**Supplied information**

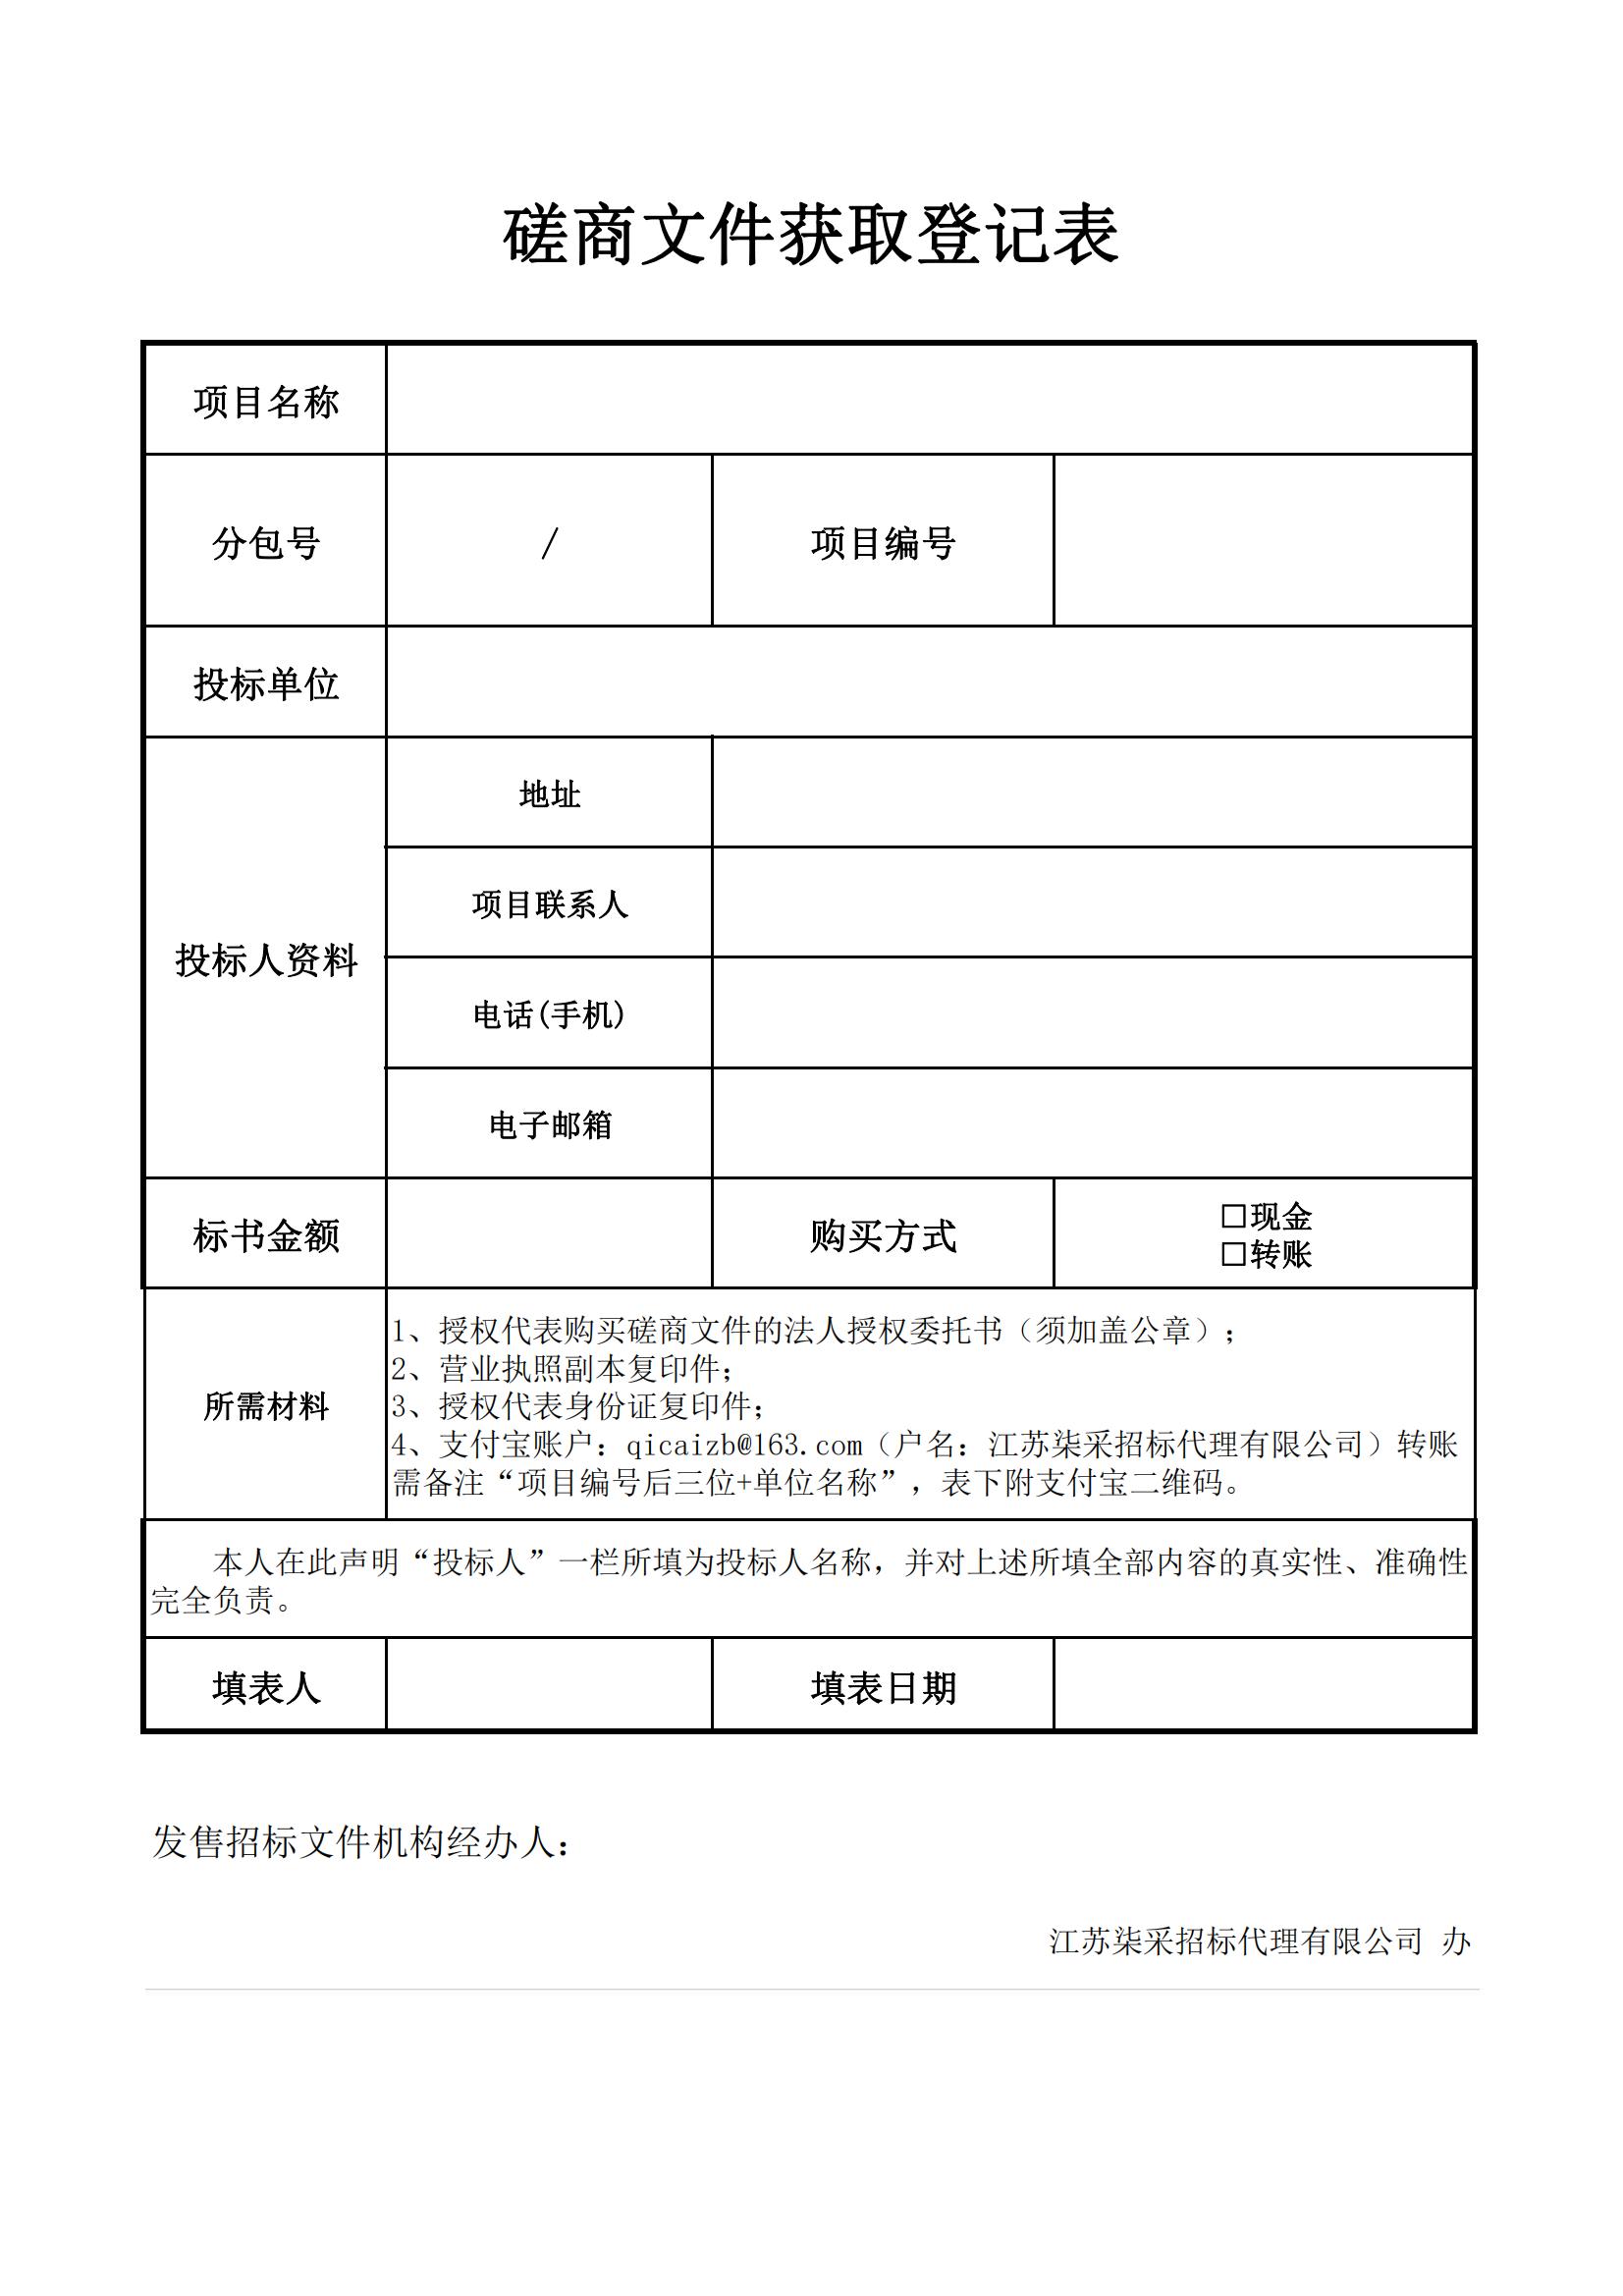 2024年江苏省国画院美术馆展览服务项目的竞争性磋商公告_03.jpg
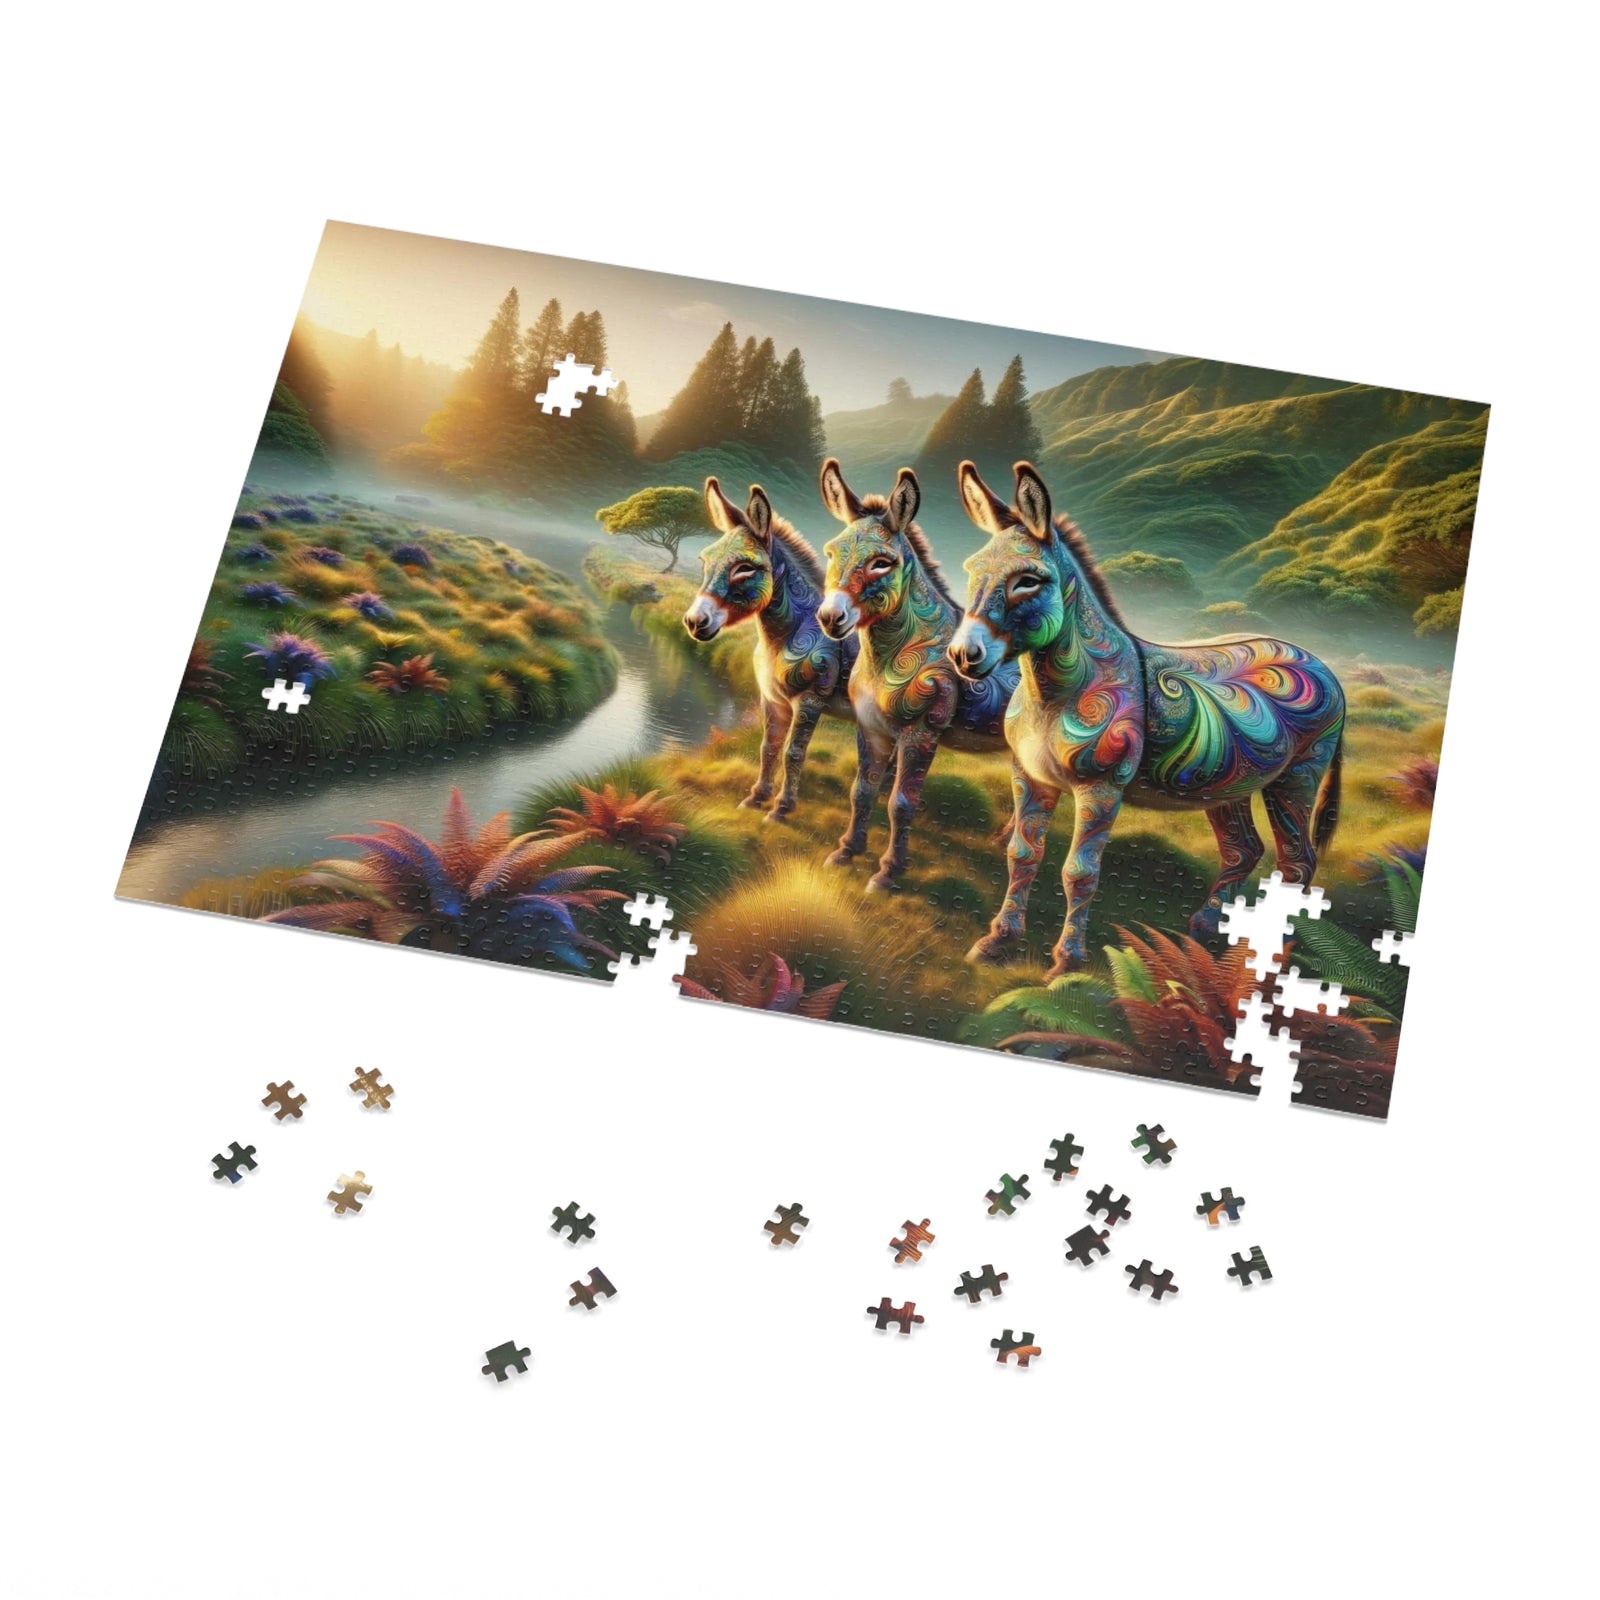 The Enchanted Donkeys Jigsaw Puzzle
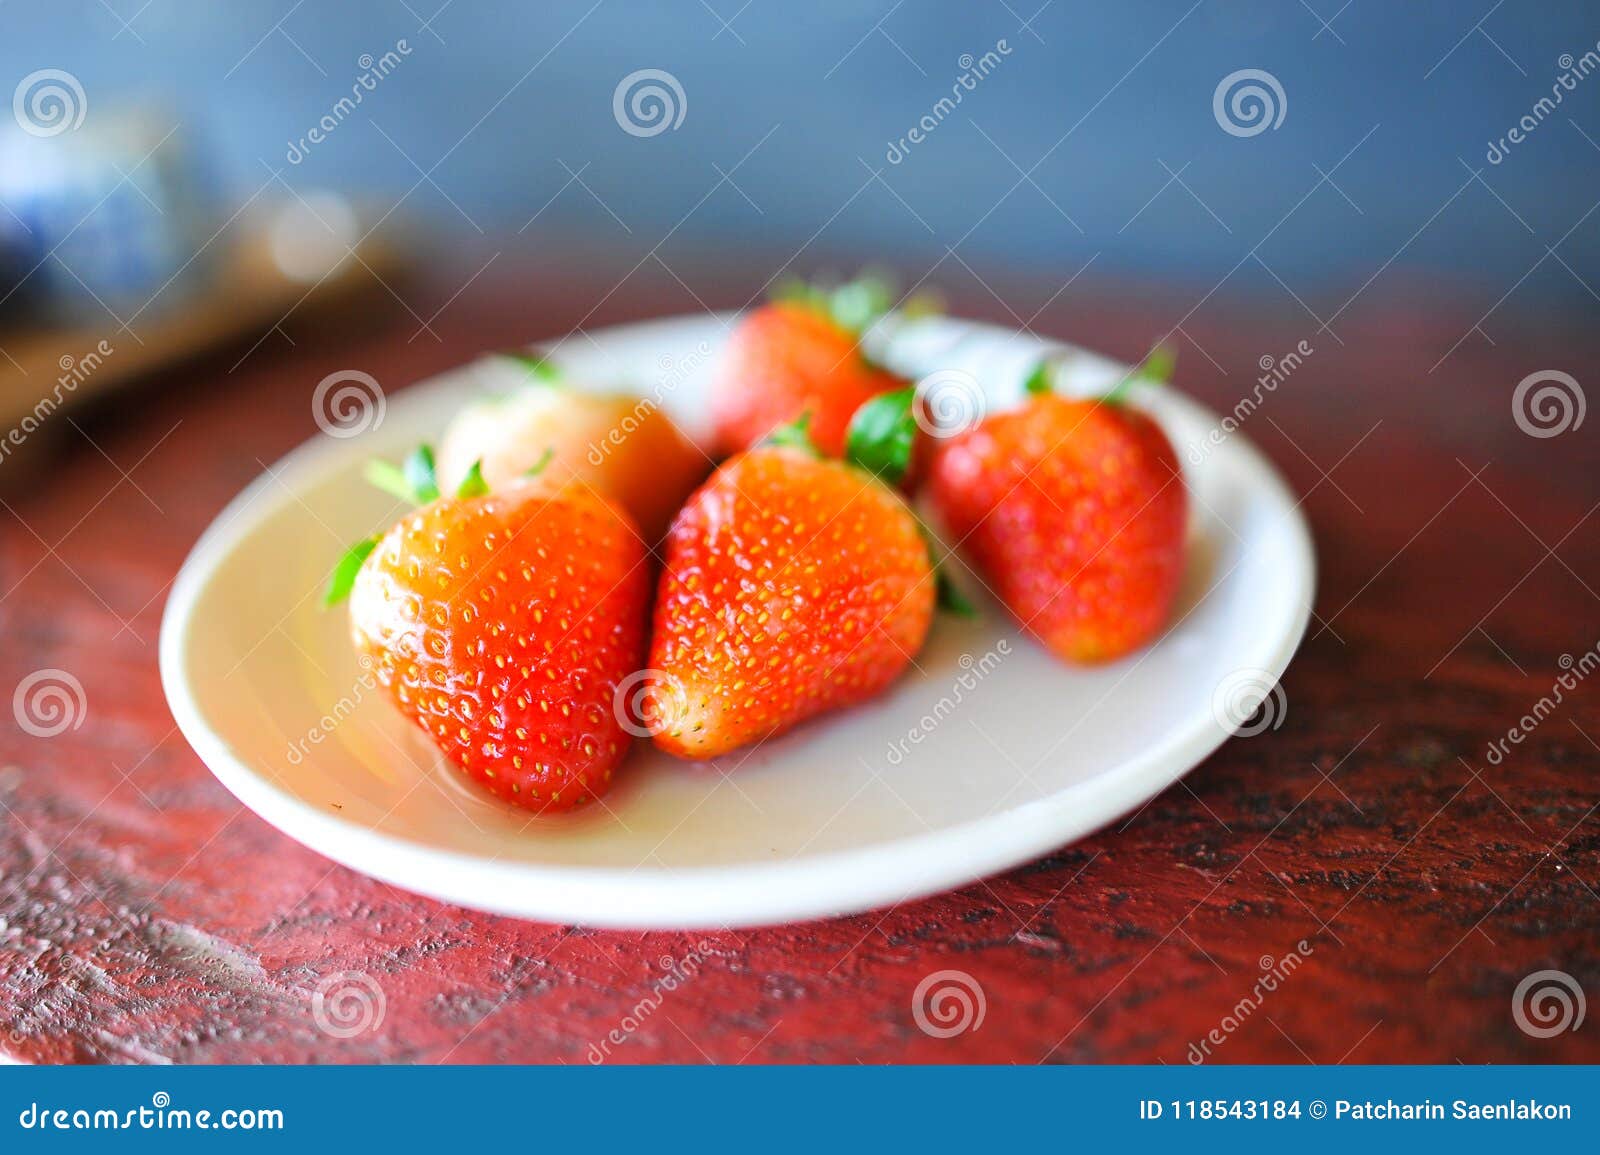 strawberries from the freshest fresh garden.

**Problem statement**
Nothing but the text of the listing should be set down, exactly, with the pictures left behind.

**Task answer**
 2024年江苏省国画院美术馆展览服务项目的竞争性磋商公告_03.jpg
 The Enchanted Donkeys Jigsaw Puzzle
 strawberries from the freshest fresh garden.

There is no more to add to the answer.